Culmine di un fecondo periodo creativo, La donna serpente è un lavoro emblematico del linguaggio musicale ironico e antiromantico di Alfredo Casella. Un’«opera-fiaba» (su libretto di Cesare Vico Ludovici) tratta da Carlo Gozzi, dallo stesso racconto cui si era ispirato il giovane Wagner per Die Feen, e che per Casella rappresentava il plot ideale,con il suo stile «grandioso, fantastico, fatto di eroismo barocco, di passioni drammatiche, di tragicità, di comico buffonesco e popolaresco, di vicende varie infine e tutte dinamiche».
La vicenda, popolata di figure fantastiche (maghi, mostri, fate) e di maschere (Pantalone, Truffaldino, Brighella e Tartaglia, con i nomi tramutati nei più esotici Pantùl, Alditrùf, Albrigòr e Tartagìl), punteggiata da sortilegi, metamorfosi, guerre e carestie, racconta della fata Miranda che sposa il mortale Altidòr, re di Téfis. Il padre di lei, il re Demogorgòn, contrario a questo matrimonio, sottopone i due a prove dure e inganni crudeli, come un percorso iniziatico, facendo anche tramutare la figlia in un orrido serpente, anche se alla fine la fedeltà e il coraggio di Altidòr saranno premiati con il ricongiungimento della coppia. L’opera andò in scena a Roma, al Teatro Costanzi, il 17 marzo 1932, senza grande successo. Seguirono poche riprese nel corso del secolo, a Mannheim nel 1934, a Roma nel 1941 e nel 1969, alla Scala nel 1942, a Palermo nel 1982. Nel 2014 La donna serpente è stata messa in scena a Martina Franca, in uno spettacolo firmato da Arturo Cirillo, che è stato riproposto al Regio di Torino, con la direzione musicale di Gianandrea Noseda, all’interno di un ricco festival dedicato al torinese Casella, con diversi appuntamenti, tra opere, concerti, balletti, convegni e mostre.

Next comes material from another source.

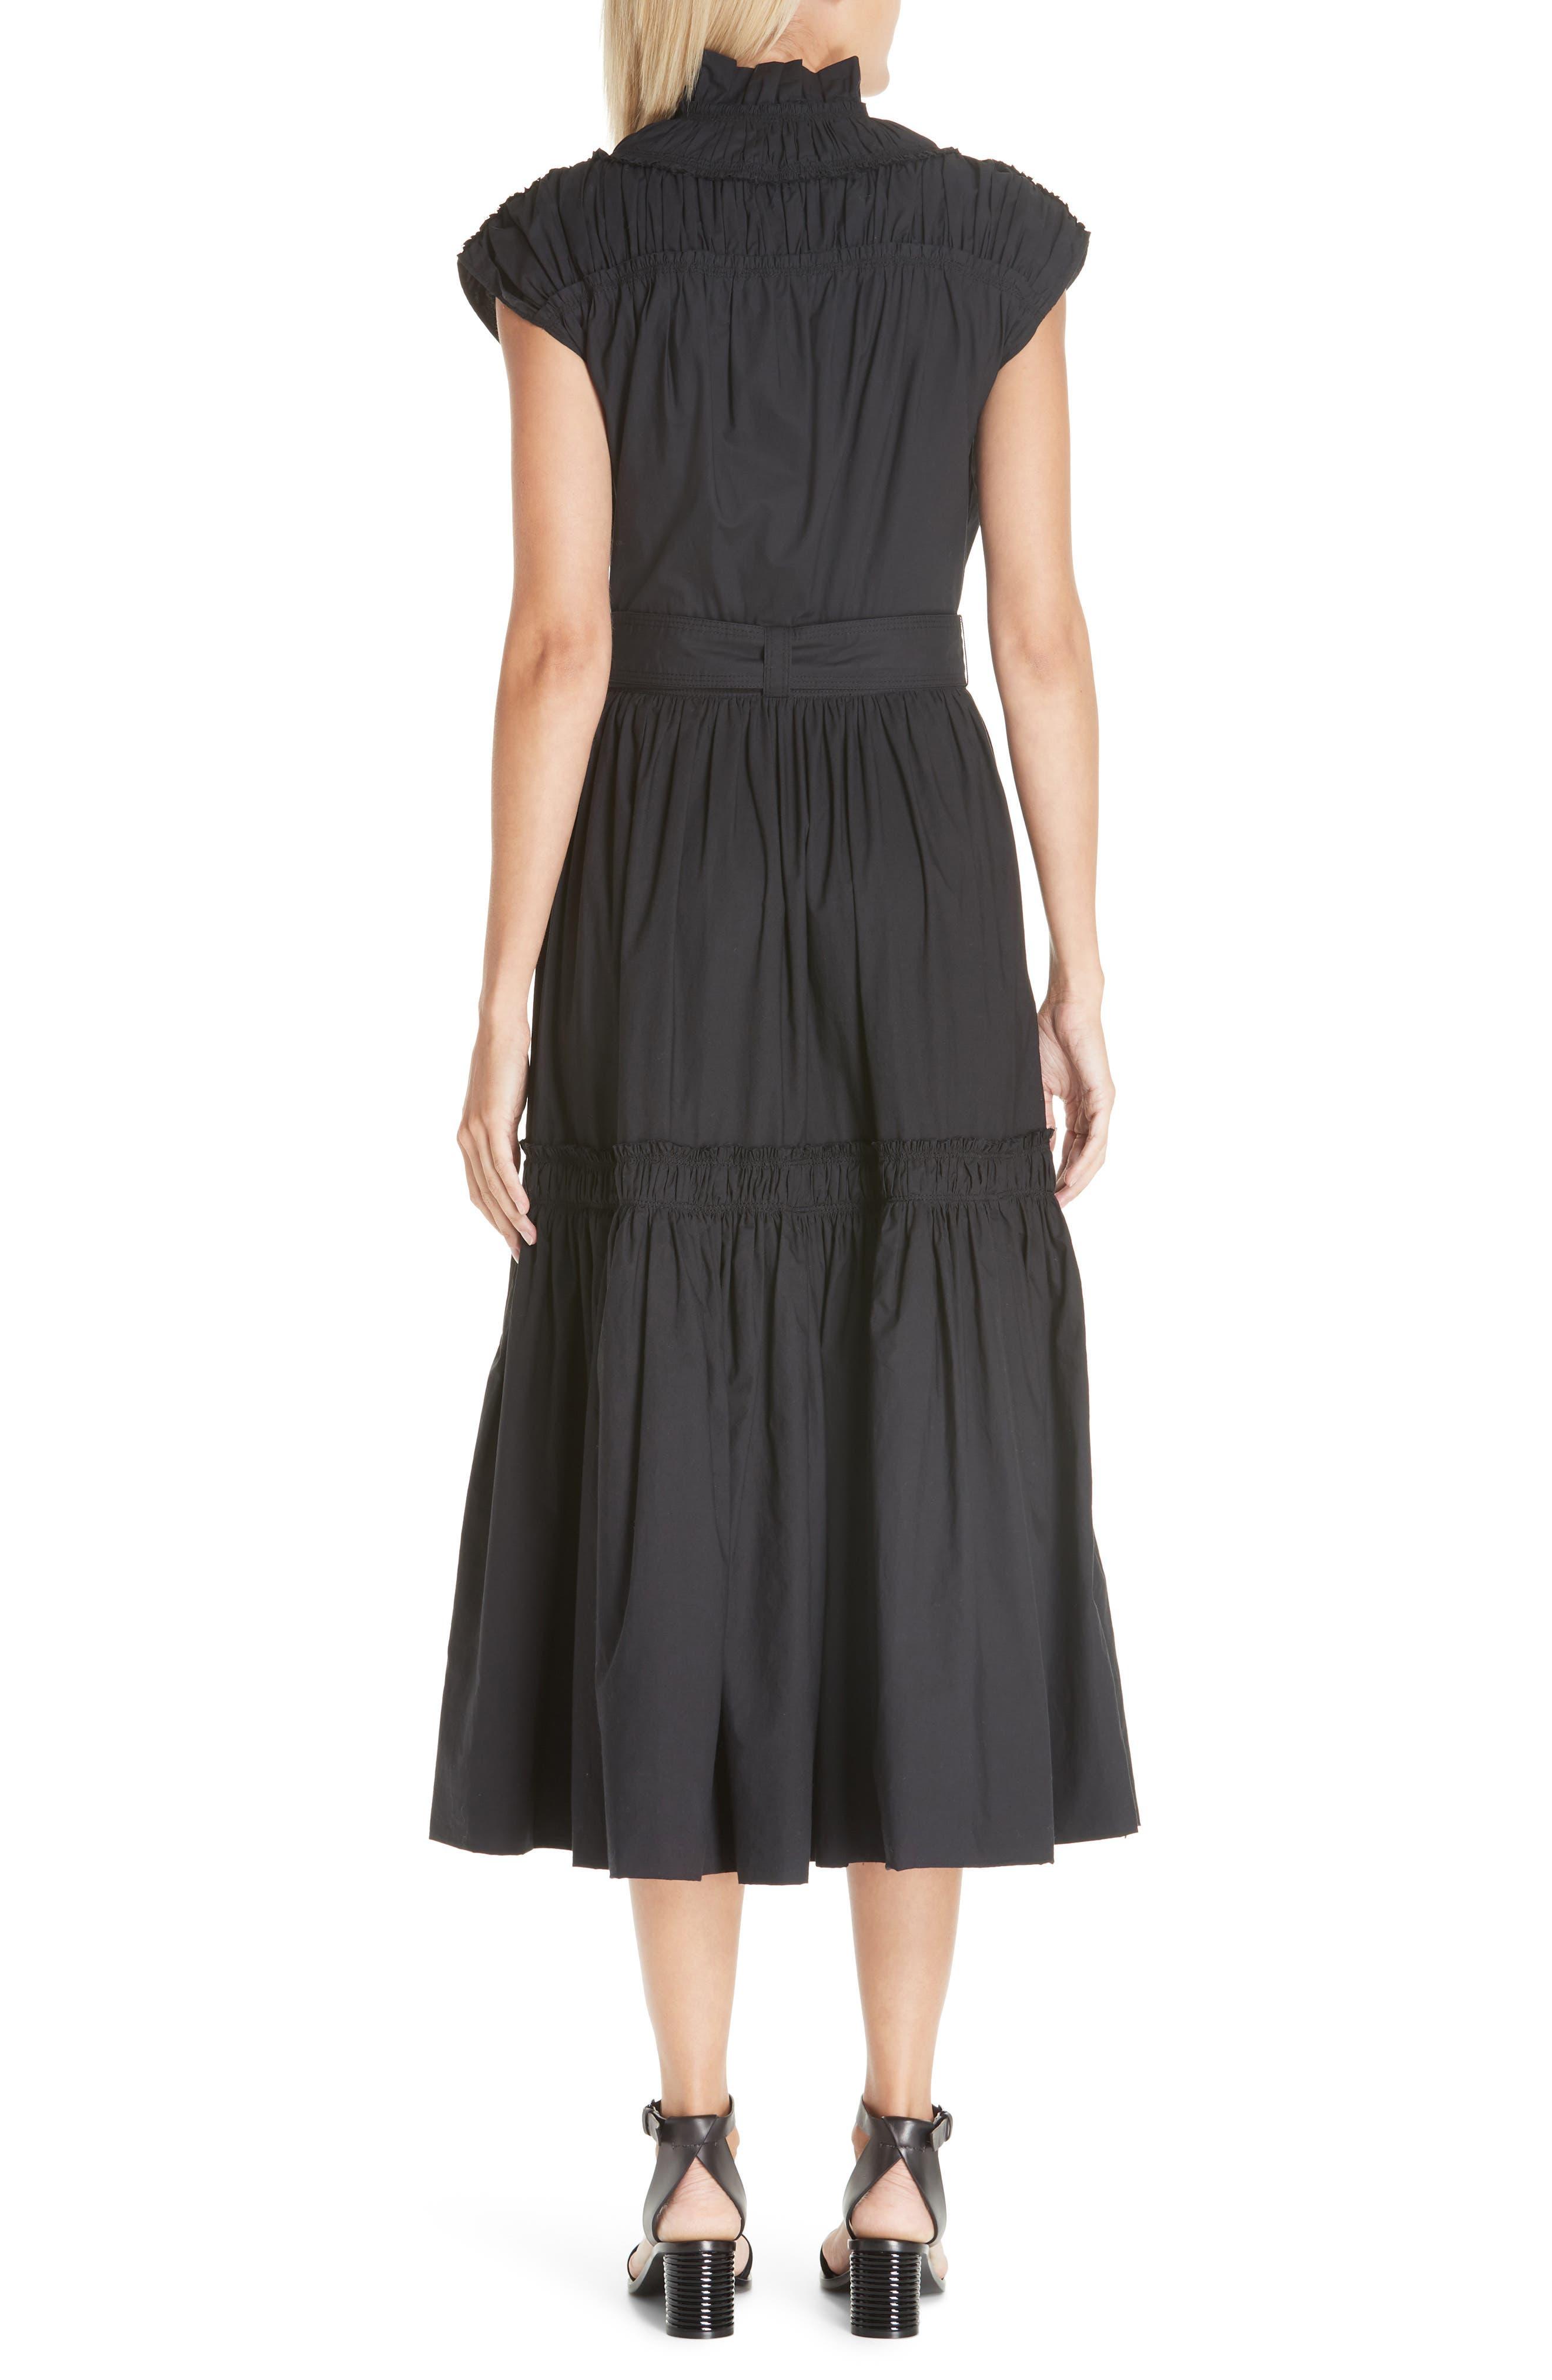 PROENZA SCHOULER, Smocked Poplin Dress, Alternate thumbnail 2, color, BLACK

Noseda, convinto paladino della musica di Casella e della necessità della sua riscoperta, ha diretto l’opera con intensità, energia, precisione, cogliendo la forza ritmica della partitura, la varietà di colori, la complessa, eclettica trama sonora nella quale si intrecciano forme chiuse tipicamente operistiche e forme strumentali. Ha sottolineato bene i momenti cameristici, sospesi e cullanti, le venature rossiniane, barocche, raveliane, lo stretto legame tra ritmo del testo e temi musicali. Anche la scelta del cast è parsa azzeccata, in un’opera con moltissimi personaggi, e dove la voce è usata quasi come uno strumento dell’orchestra. Il tenore Piero Pretti sfoggiava una voce non copiosa ma solida, un fraseggio morbido, e i giusti accenti drammatici e patetici per il suo re Altidòr. Carmela Remigio era una Miranda espressiva e musicalissima, commovente nei suoi grandi ariosi, e nel monologo «Vaghe stelle dell’Orsa». Spiccavano anche Erika Grimaldi, nei panni di Armilla, sorella guerriera di Altidòr dalla voce cristallina, Anna Maria Chiuri (Canzade), Francesca Sassu (Farzana), il possente basso Fabrizio Beggi (Tògrul), le spigliate maschere di Roberto De Candia (Pantùl), Fabrizio Paesano (Tartagìl), Marco Filippo Romano (Albrigòr) e Francesco Marsiglia (Alditrùf), con una verve vocale da vera opera buffa. Peccato che tutti questi personaggi non fossero altrettanto ben caratterizzati sul piano teatrale. Lo spettacolo di Arturo Cirillo era fiabesco, coloratissimo (con le scene modulari come il lego di Dario Gessati, i costumi variopinti di Gianluca Falaschi, l’efficace gioco di luci di Giuseppe Calabrò), pieno di richiami orientaleggianti, ben sincronizzato con il ritmo musicale, con molti episodi movimentati dalle belle, plastiche coreografie di Riccardo Olivier, ma appariva un po’ caotico, irrisolto, sempre in bilico tra la dimensione comica, da commedia (anche con qualche eccesso didascalico), e quella del sogno.